Home / Companies / Zama / Blog / Post Details
Content Deep Dive

Concrete ML v1.8 : Towards Decentralized Private LLAMA Fine-Tuning

Blog post from Zama

Post Details
Company
Date Published
Author
Andrei Stoian
Word Count
449
Language
English
Hacker News Points
-
Summary

Concrete ML v1.8 introduces significant advancements in privacy-preserving fine-tuning for Large Language Models (LLMs) by enhancing the speed and usability of hybrid fine-tuning through an optimized Fully Homomorphic Encryption (FHE) backend and a new Low Rank Approximation API. This version now supports Python 3.12 and features a streamlined fine-tuning API inspired by HuggingFace PEFT LoraTrainer, allowing efficient use of GPUs for model evaluation and development acceleration.
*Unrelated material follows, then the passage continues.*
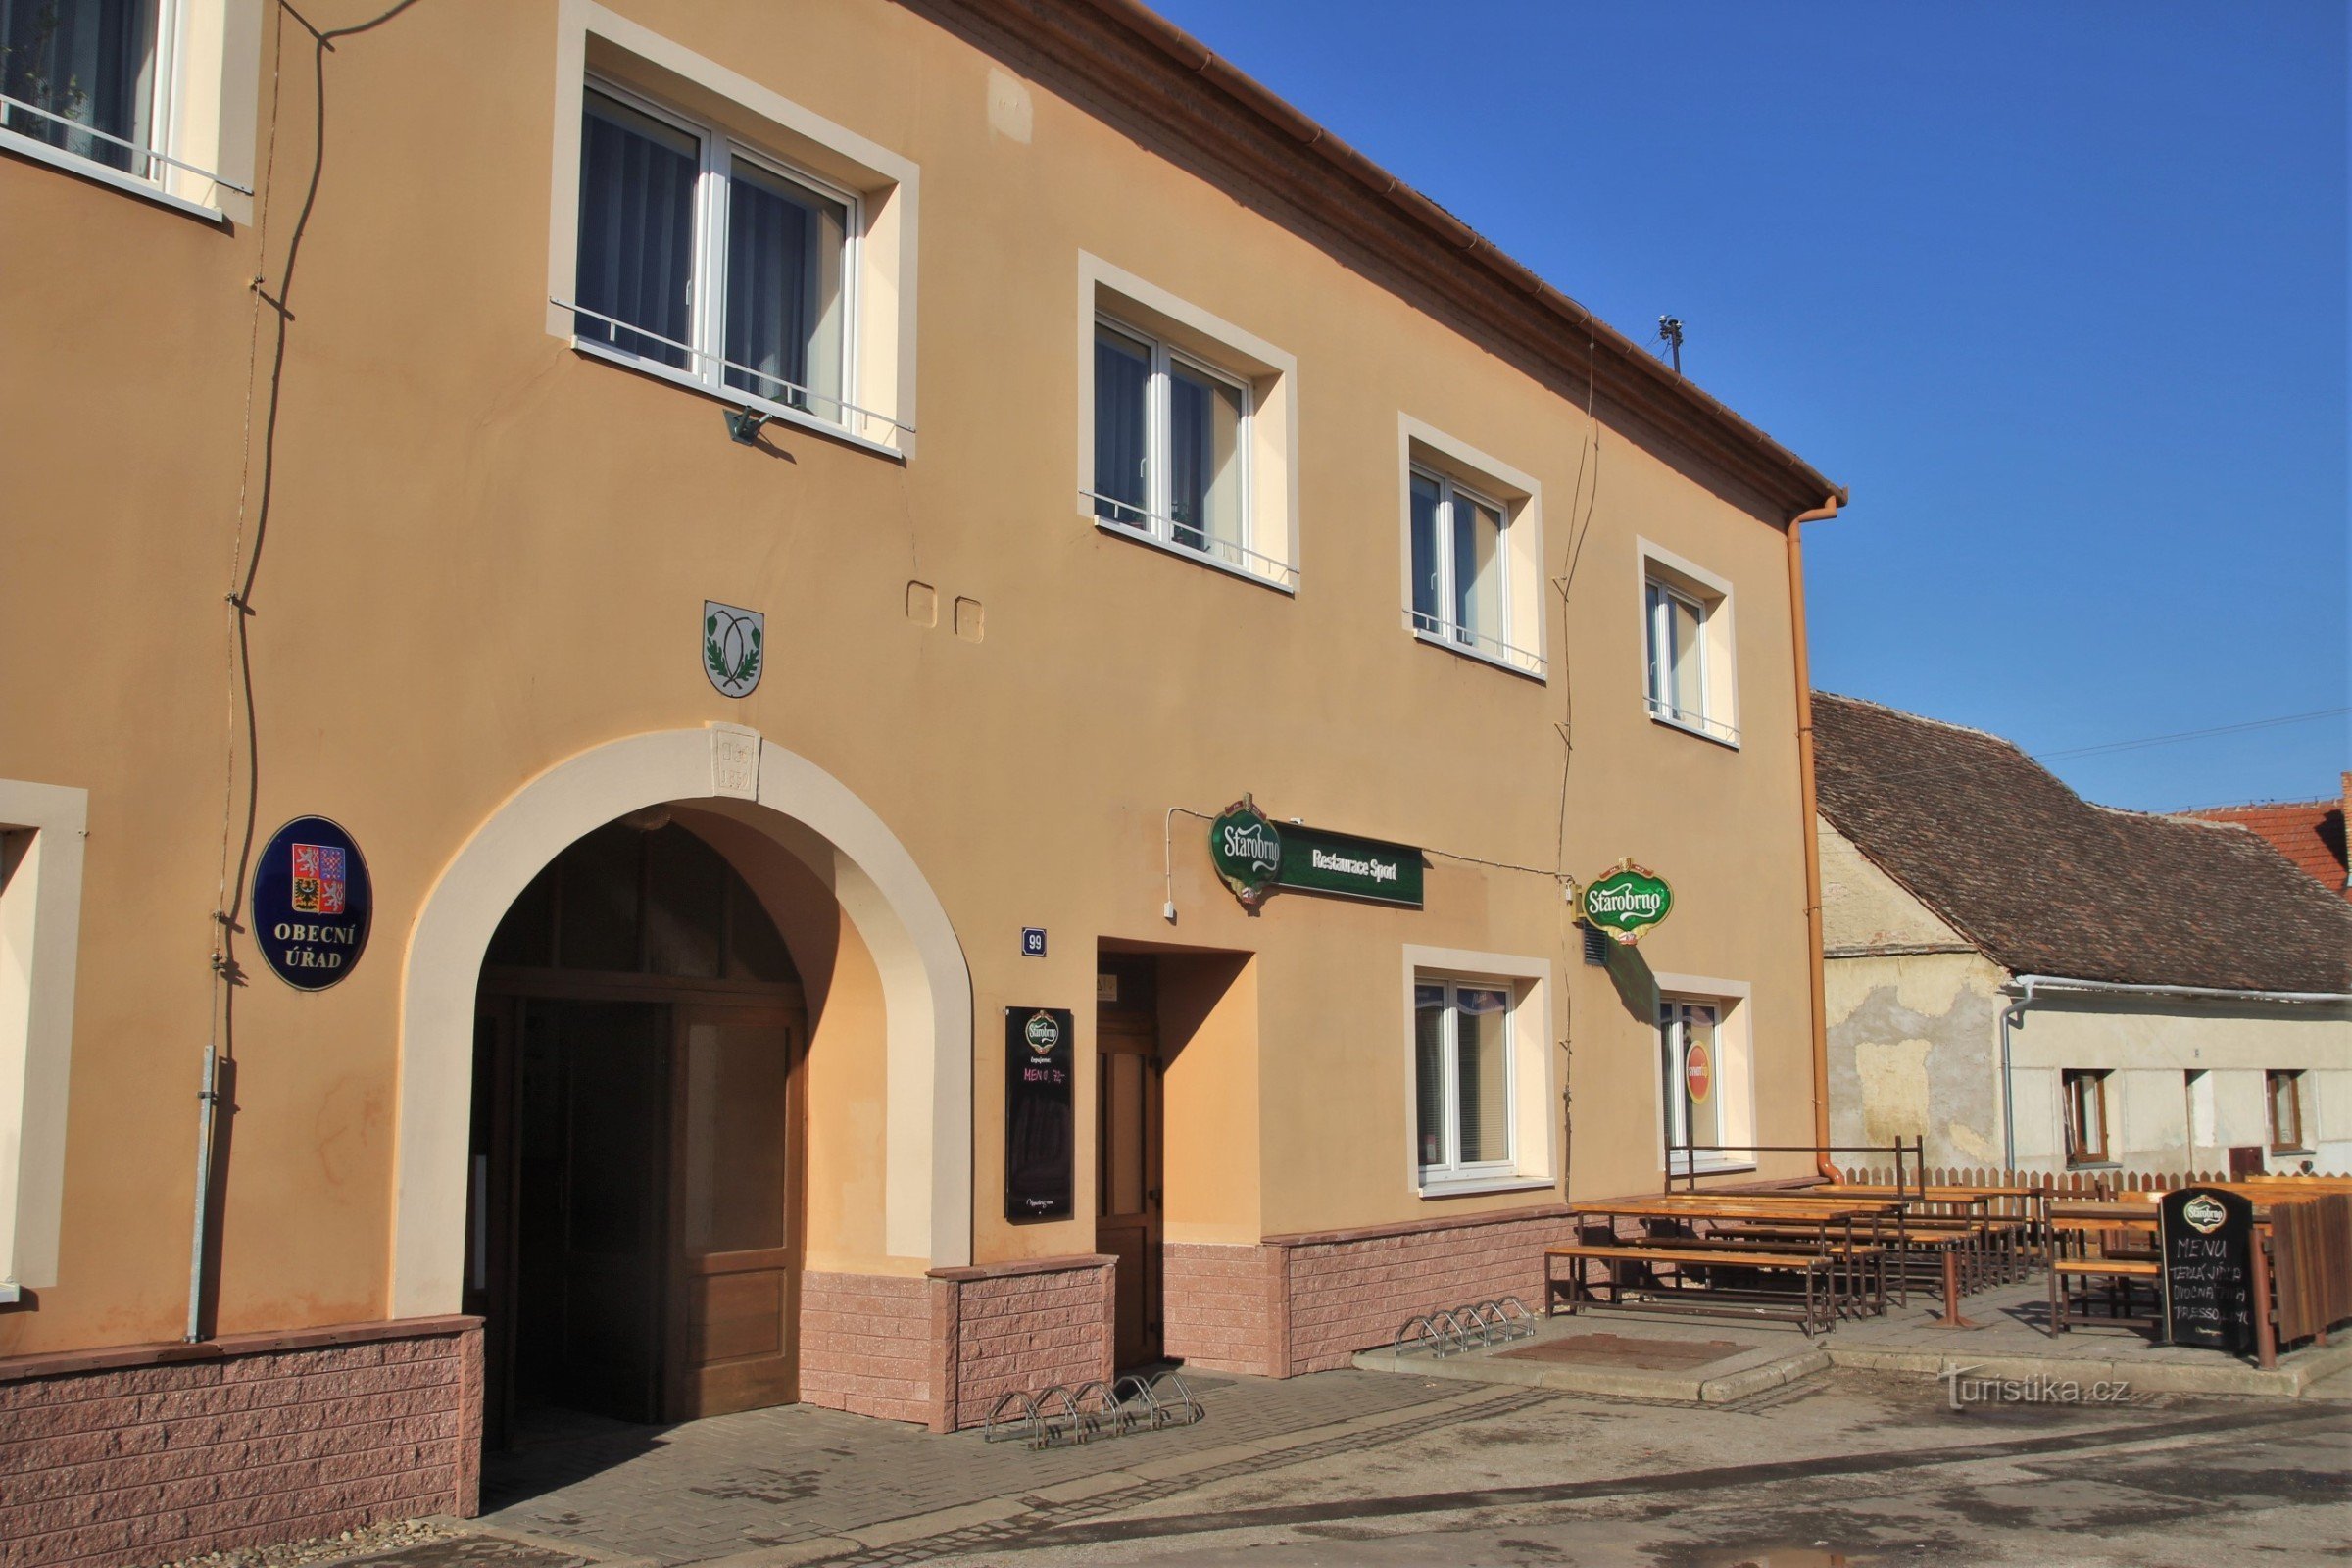 Pouzdřany - kommunalt kontor og kro i landsbyen

The FHE backend speeds up computation by leveraging GPU resources, implementing encrypted matrix - clear matrix multiplication, and achieving efficient compression, which results in encrypted data sizes only four times larger than non-encrypted data. Fine-tuning a LLAMA 8B model on 100,000 tokens takes around 70 hours at an estimated cost of $500 using a decentralized network of 100 consumer-grade GPUs, with expectations of further optimizations to reduce costs and latency. Concrete ML v1.8 thus facilitates secure, scalable, and decentralized AI solutions, with future updates promising continued improvements.